In biological membranes, many proteins form complexes. MtoZ Biolabs provides comprehensive subunit analysis of these protein complexes using 2D blue native (BN)/SDS-PAGE. In 2D BN/SDS-PAGE analysis, samples undergo 1D separation through BN-PAGE, followed by 2D separation via SDS-PAGE.
Protein complexes organize and maintain cellular and organelle functions at all levels of complexity in both time and space, including cell development and division, transcription and translation, respiration and photosynthesis, transport, and metabolism. Protein complexes may exhibit partial and transient changes and show varying stability, making their identification and analysis challenging. BN-PAGE is a high-resolution separation technique for protein complexes. It can be used to determine the size, relative abundance, and subunit composition of protein complexes.
In 2D BN-PAGE analysis, protein or protein complex samples are separated in 1D BN-PAGE under native conditions. Coomassie brilliant blue dye carries a negative charge and binds non-specifically to all proteins. Unlike detergents, coomassie brilliant blue preserves the structure of protein complexes. Its binding also reduces the tendency for protein aggregation during electrophoresis. The electrophoretic mobility of the samples depends on the negative charge of the bound coomassie brilliant blue as well as the size and shape of the complex. After separation by BN-PAGE, protein and protein complex samples are denatured in-gel with SDS and then separated using 2D SDS-PAGE.

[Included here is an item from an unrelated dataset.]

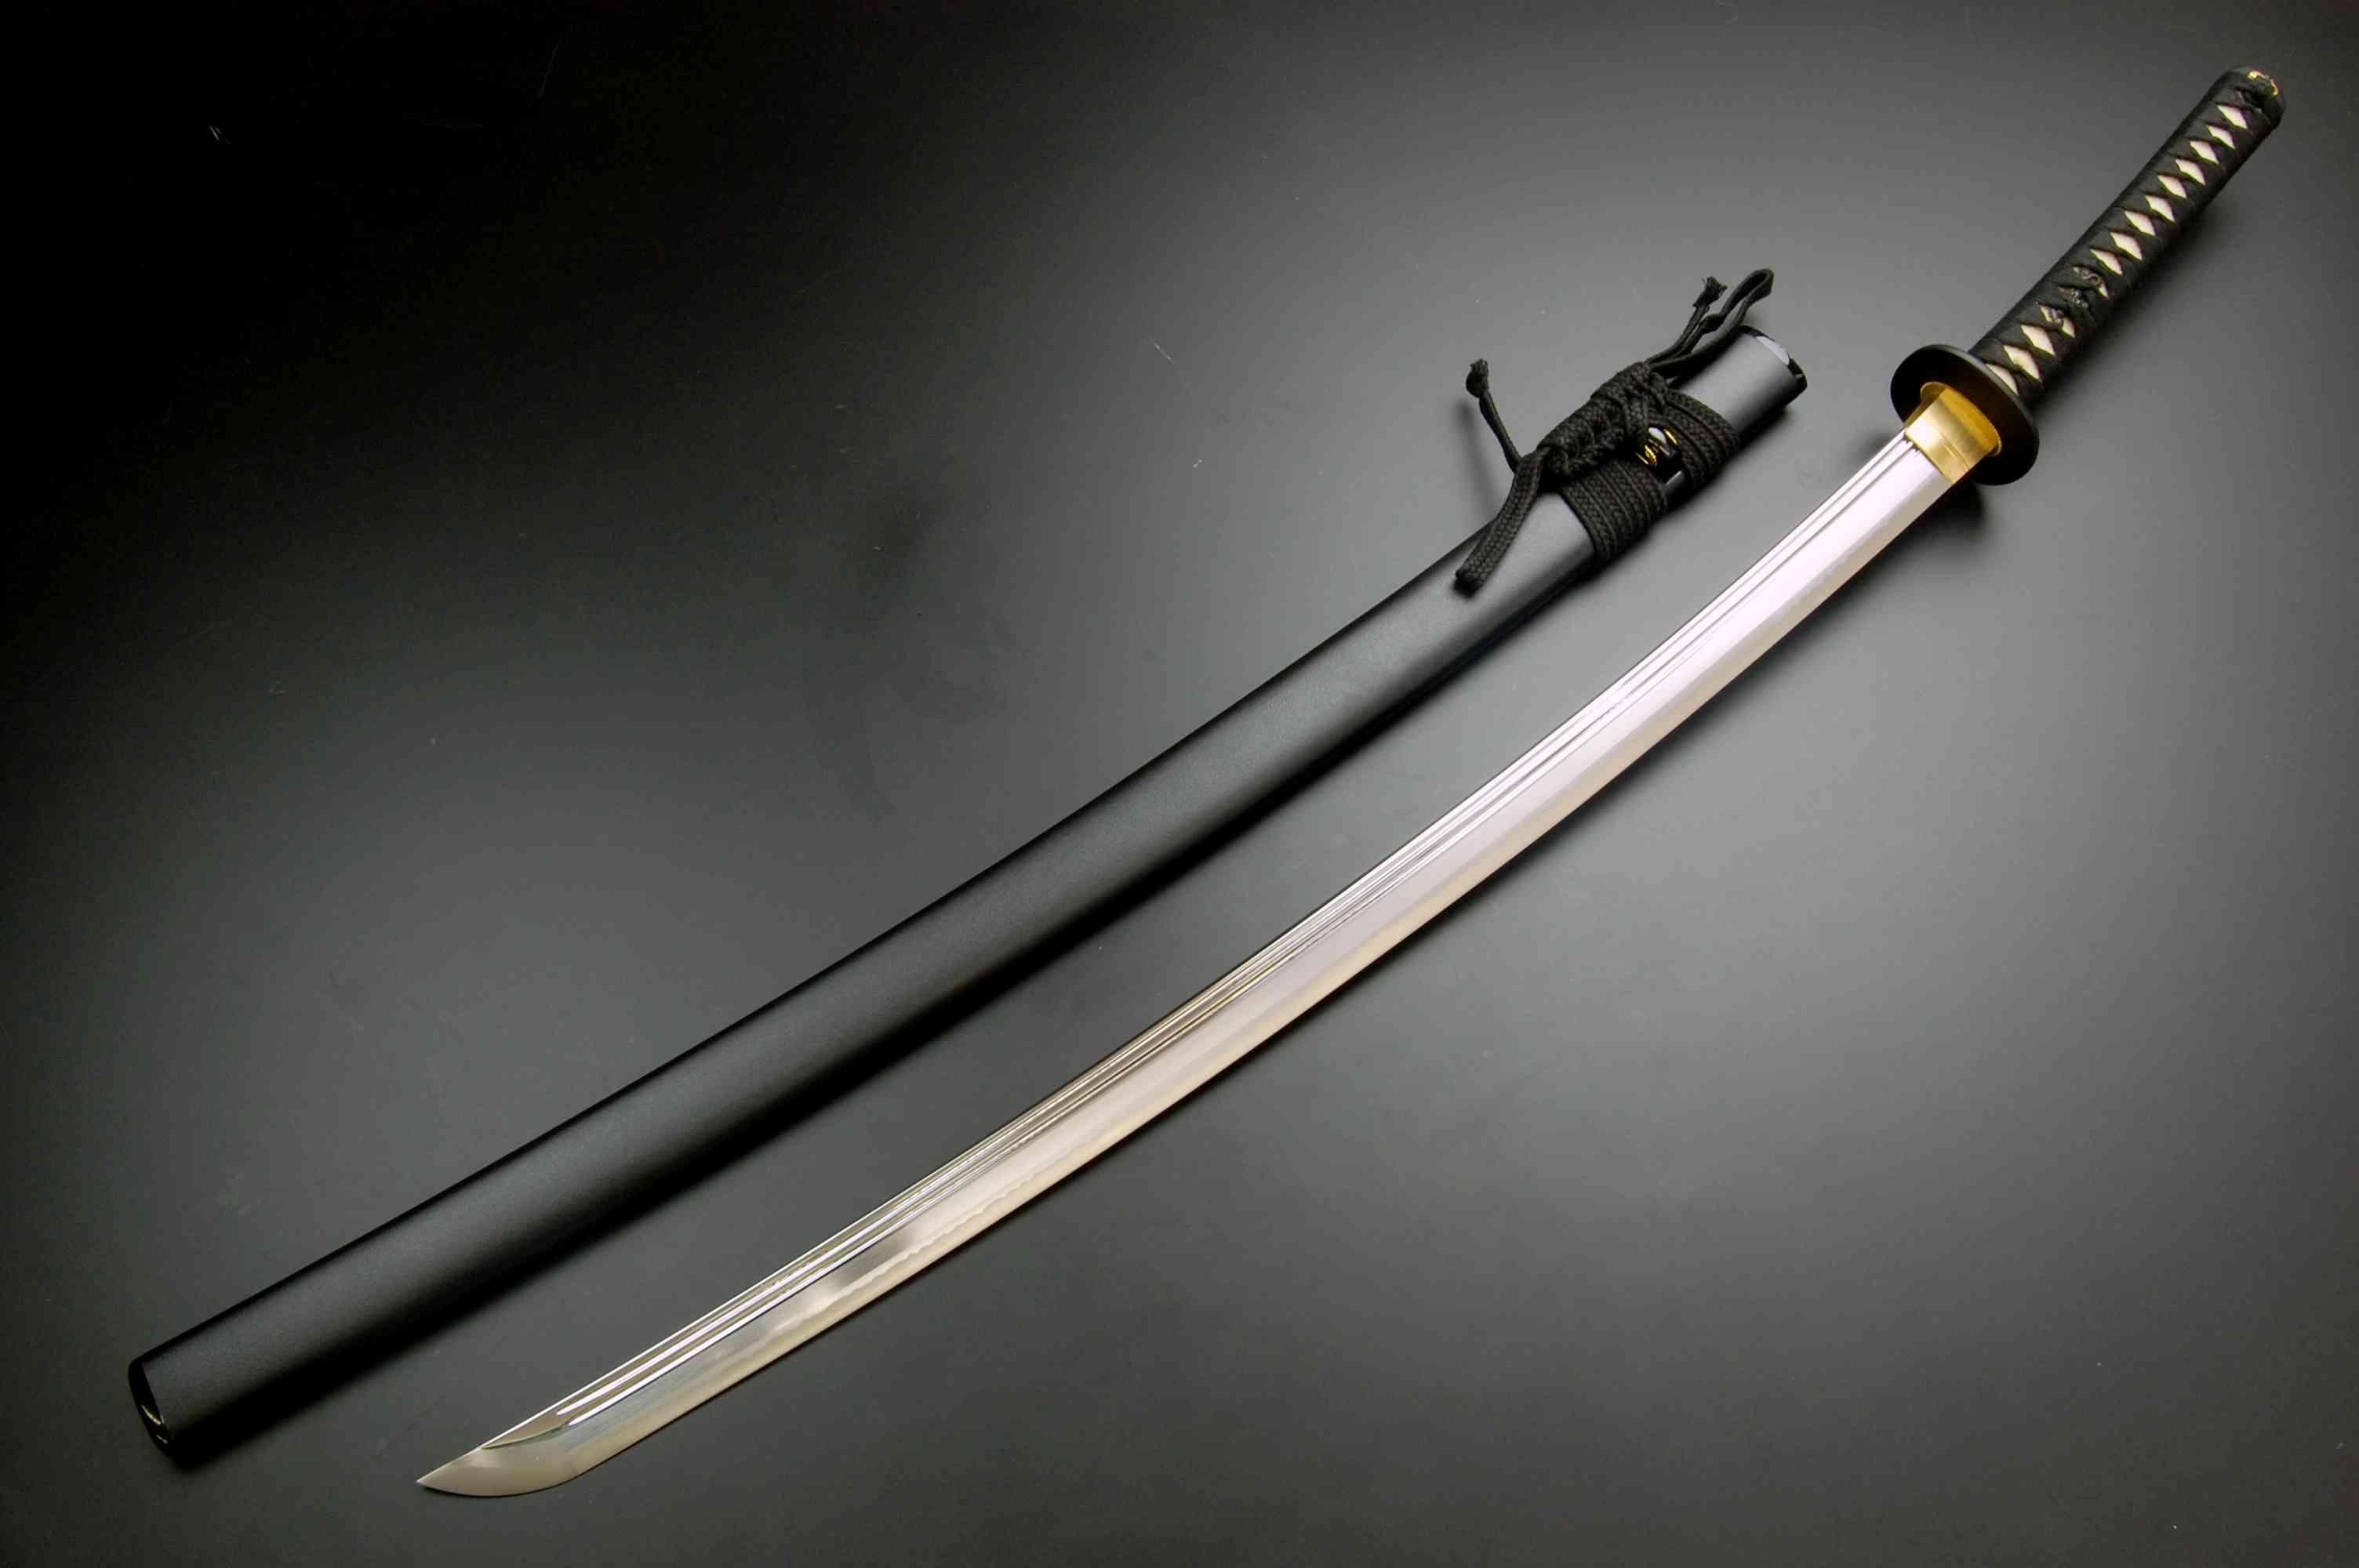 同田貫2尺5寸(肥後拵え・二本樋)大刀

The combination of BN-PAGE and SDS-PAGE enables monomeric proteins to migrate along a hyperbolic diagonal due to the gradient gel in 1D and linear gel in 2D. Components of protein complexes appear below this diagonal. Proteins representing the subunits of the same protein complex can be found in a vertical line in 2D, while multiple spots of the same protein along the horizontal line indicate that the protein is simultaneously present in several different protein complexes.
2D BN/SDS-PAGE analysis provides valuable information regarding the size, quantity, protein composition, stoichiometry, and relative abundance of samples, making it a powerful tool for studying protein complexes.